Thus, similar to other countries, Israel’s mental health system suffers from low rates of engagement as well as disengagement from services despite growing efforts of a mental health reform. The sub-population who disengages from services draws special interest because they involve individuals who have exercised their right for obtaining Rehabilitation Basket services, yet did not continue to acquire them. A few qualitative studies have been conducted about the reasons and subjective experiences of individuals with serious mental illness who disengage from rehabilitation and mental health services. In one study, individuals receiving assertive community services were interviewed about their reasons for disengagement: participants’ voiced different reasons such as having a wish to be independent, having poor therapeutic relationships, and experiencing a sense of autonomy loss related to having to take medications (Priebe et al. 2005). In another study, Smith et al. (2013) examined both the perspectives of consumers and perspective of practitioners about disengagement from services identifying marked discrepancies between consumer and practitioner views: individuals with serious mental illness pointed to services that were not relevant to their needs, inability to trust providers, and a belief that they were not ill. Yet, providers pointed to different reasons for disengagement including lack of insight, stigma, and language and cultural barriers. In another program for homeless people with serious mental illnesses, engagement with services was attributed to severity and substance abuse, perceived kindness, pleasant surroundings, access to one-on-one provider interactions, and fewer rules and restrictions. Three additional studies found that relationship factors were most important for engagement, highlighting the role of consistent relationships with providers who supported “normal” rather than “mentally ill” identities (Green et al. 2008) as well as the treatment alliance and sense of connectedness (Angell and Mahoney 2007). These studies provide some leads regarding the challenges related to disengagement, and together shed light on the complex, multilevel challenge that is at hand for those interested in mental health system transformation.

In the present study, we aimed to broaden understanding related to disengagement aspects by gaining in depth understanding of individuals who were assigned rehabilitation services under the RMD law, yet did not utilize them. We do so by purposely sampling individuals with serious mental illnesses who received yet did not carry out their approved rehabilitation plans and inquiring about the reasons for lack of implementation. In light of expected discrepancies in views of service users and practitioners (e.g. Smith et al. 2013), we were interested to gain insights from service users’ experiences. The present study focus can serves an opportunity to learn about generic pitfalls relevant to endeavors in other countries engaged in the process of directing mental health care in a recovery orientation, veered to individualized plans and increasing choice in the context of a national mental health.

Methods

Study Design

This qualitative study employed a purposive sampling method which is recommended when the phenomenon of investigation involves a sample population that exceeds a given criterion (Palinkas et al. 2013; Patton 1990). In the current study examining those who failed to engage in rehabilitation alleged services represented an outlier to the majority who succeed attaining and using services. By focusing on this sub-population of service users we expected to gain a deep understanding of lack of implementation from service users’ points of view.

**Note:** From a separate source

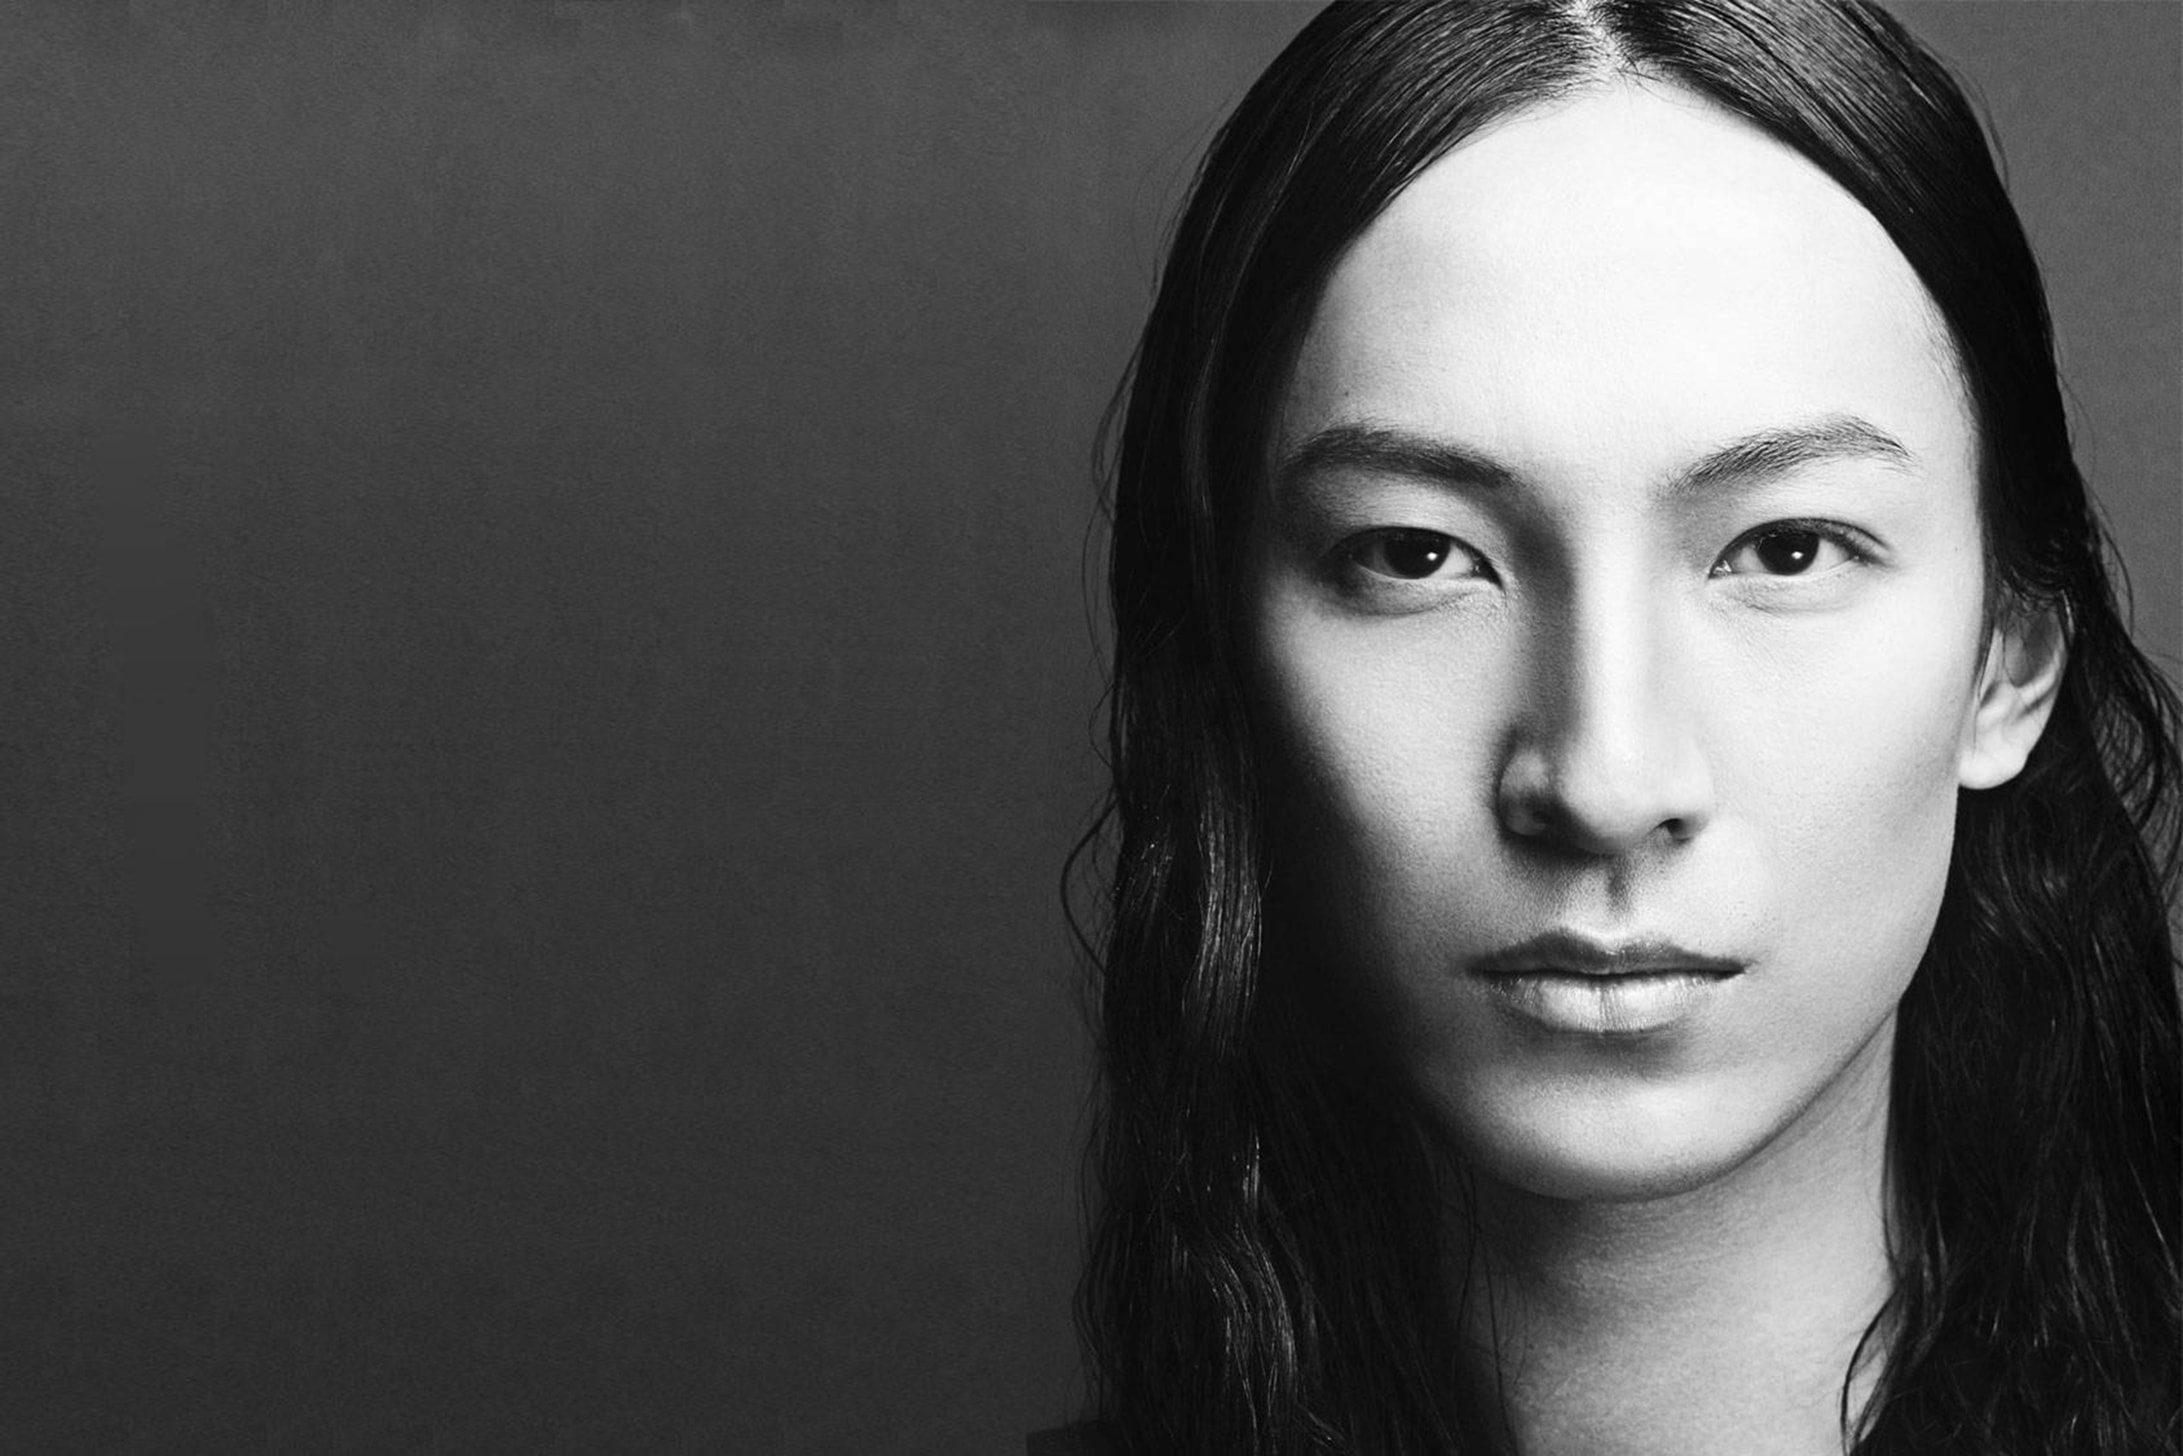 alexander-wang-fashion-designer-runway-eleonora-de-gray-editor-in-chief-runway-magazine The three WANGs

Participants were recruited by the second author who formerly worked as a chief rehabilitation coordinator in the northern part of Israel. Interviewees were traced using a computerized data base available from the rehabilitation committee between March 2011 and March 2012. Inclusion criteria included individuals with a psychiatric disability who had an approved rehabilitation plan that was not carried out in the 6 months to 1 year following approval. Exclusion criteria included individuals who were not fluent in Hebrew. Based on these criteria 23 potential interviewees were screened and contacted by phone calls. The researcher described the study rationale and procedure, as well as anonymity and confidentiality procedures. Participation was voluntary and 8 were not interested in the interview, resulting with 15 participants. Characteristics of those not willing to participate was similar to those who agreed to participate in terms of demographics and pattern of lack of use of the rehabilitation plan. The study was approved by the University and Ministry of Health ethics committees and informed consent forms were obtained.

Study Sample

The sample included fifteen individuals ages 22–65 (M = 44, SD = 13.8). Most were men and single (n = 10, 67 %), three were married and two divorced. The majority were Israeli born (n = 12, 80 %) and three were born in Eastern Europe. Most had 10–12 years of schooling (n = 10, 67 %), three had less than 10 years, and two had more than 12 years of education.

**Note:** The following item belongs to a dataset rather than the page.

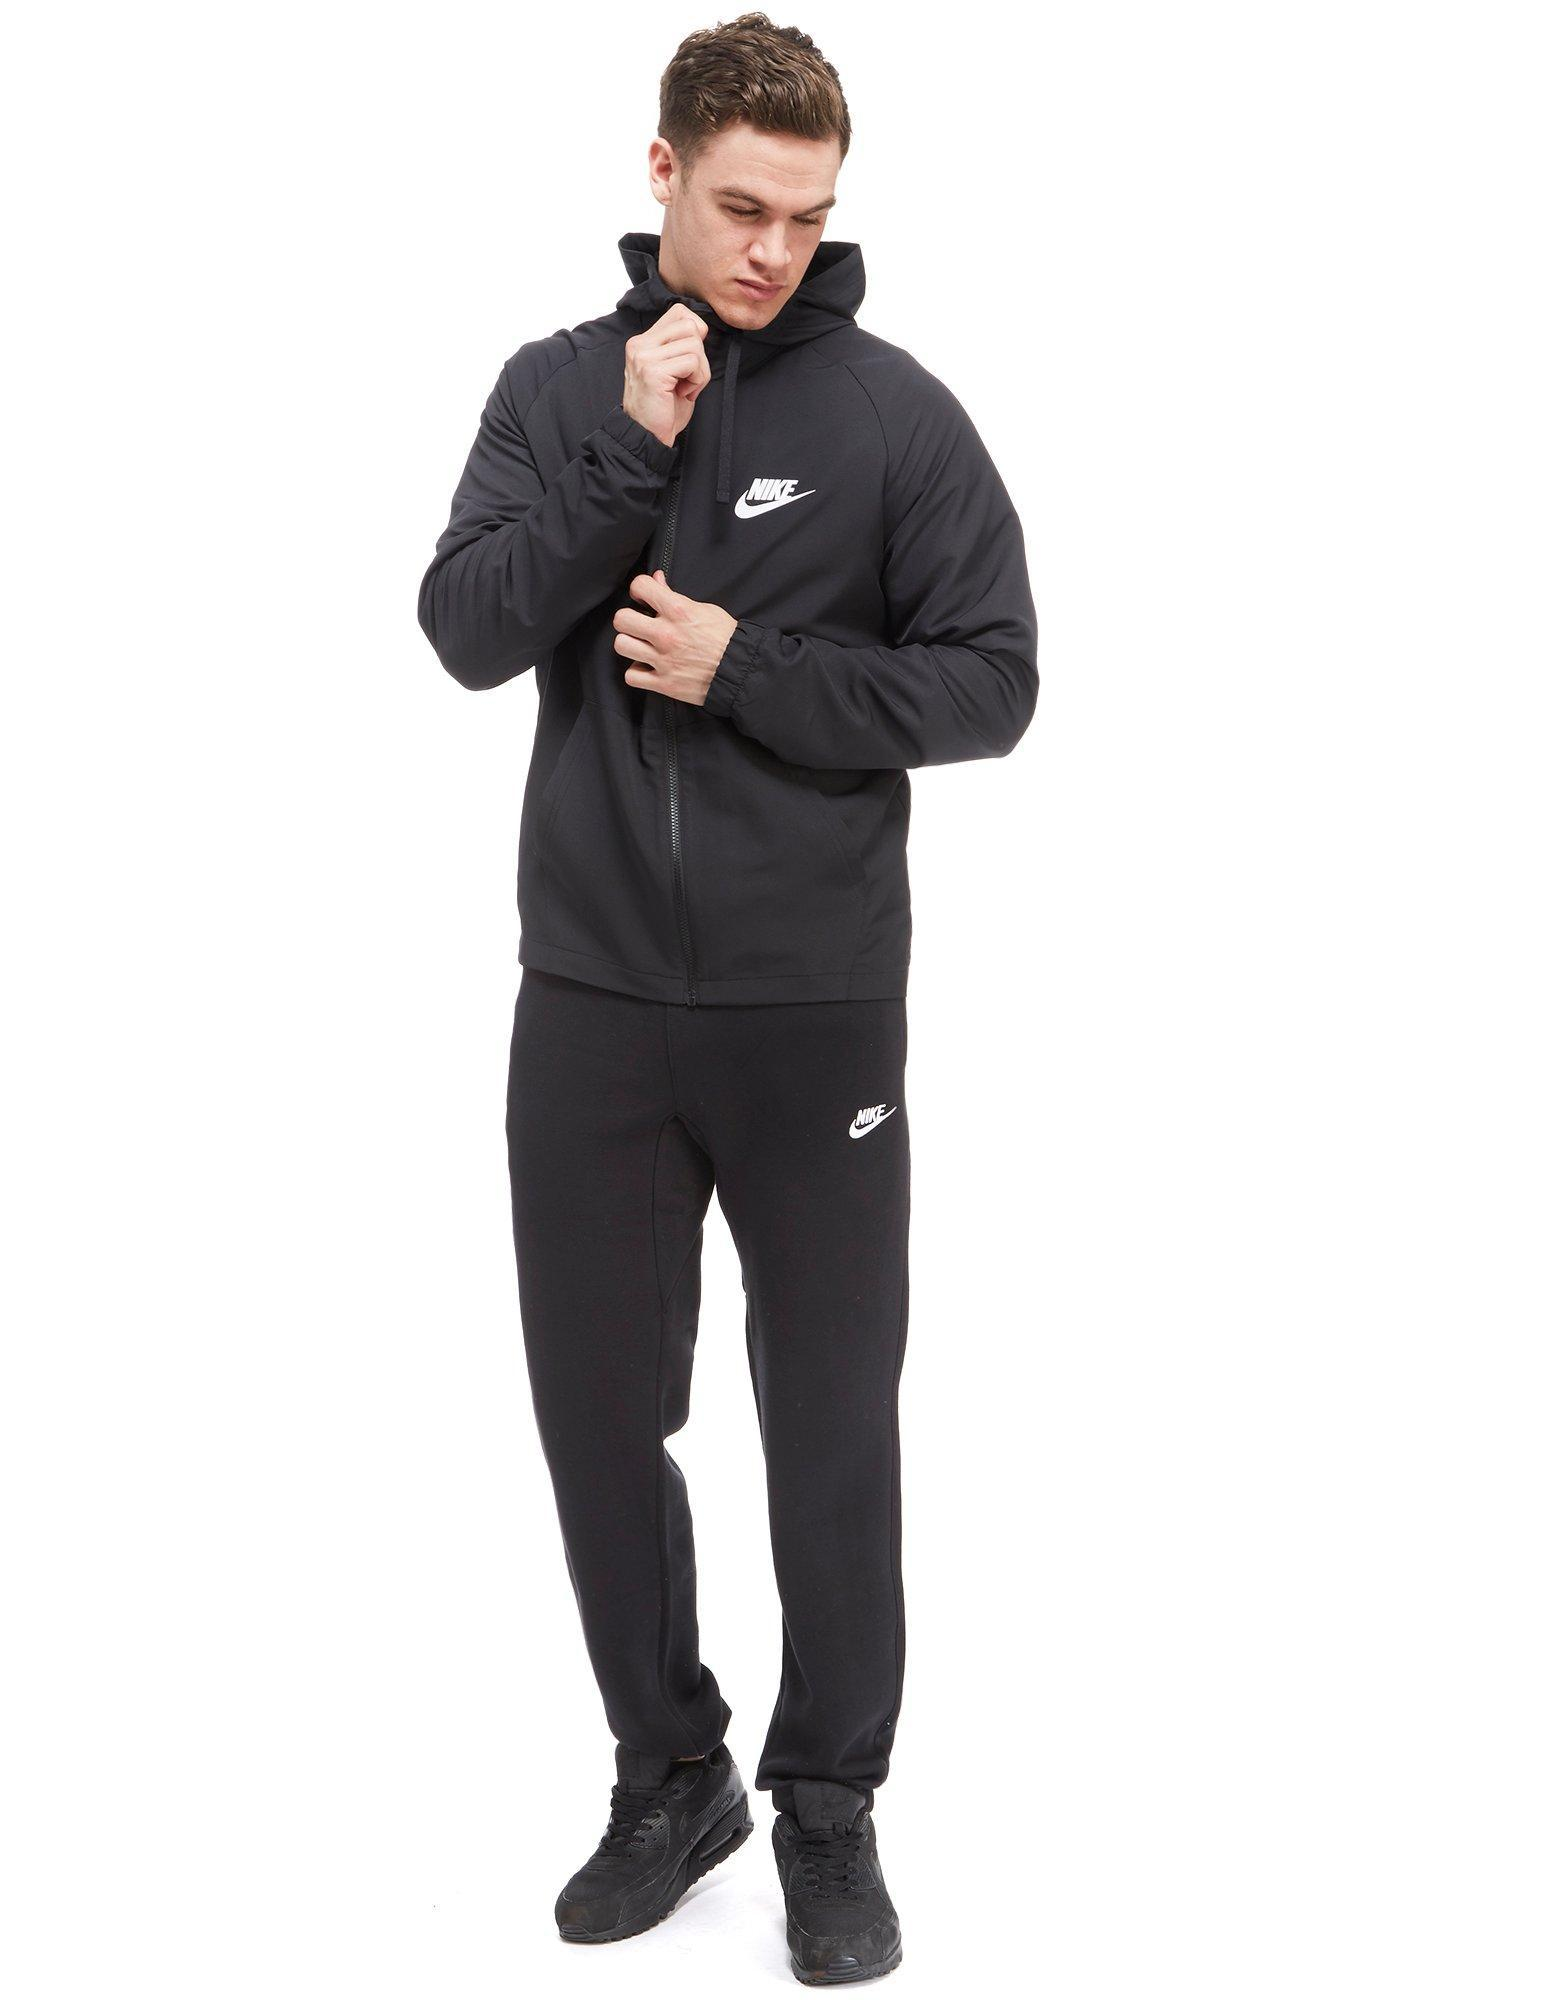 Nike - Black Shut Out 2 Woven Hoody for Men - Lyst. View Fullscreen

Eight participants had been hospitalized between 1 and 3 times (53 %), 4 participants had never been hospitalized (27 %) and 3 were hospitalized more than three times (20 %). The participants were sampled from five out of the nine rehabilitation committees distributed in different geographical districts of Israel.

Most participants had received an approved plan once and did not implement it (n = 11, 73 %), the others had been invited to the rehabilitation committee twice and did not implement their plans in either time (n = 4, 27 %). Most have been referred through community mental health centers (n = 9, 60 %), three were referred from psychiatric wards (20 %), and another three either initiated the connection by themselves or with guidance of other health care services (20 %).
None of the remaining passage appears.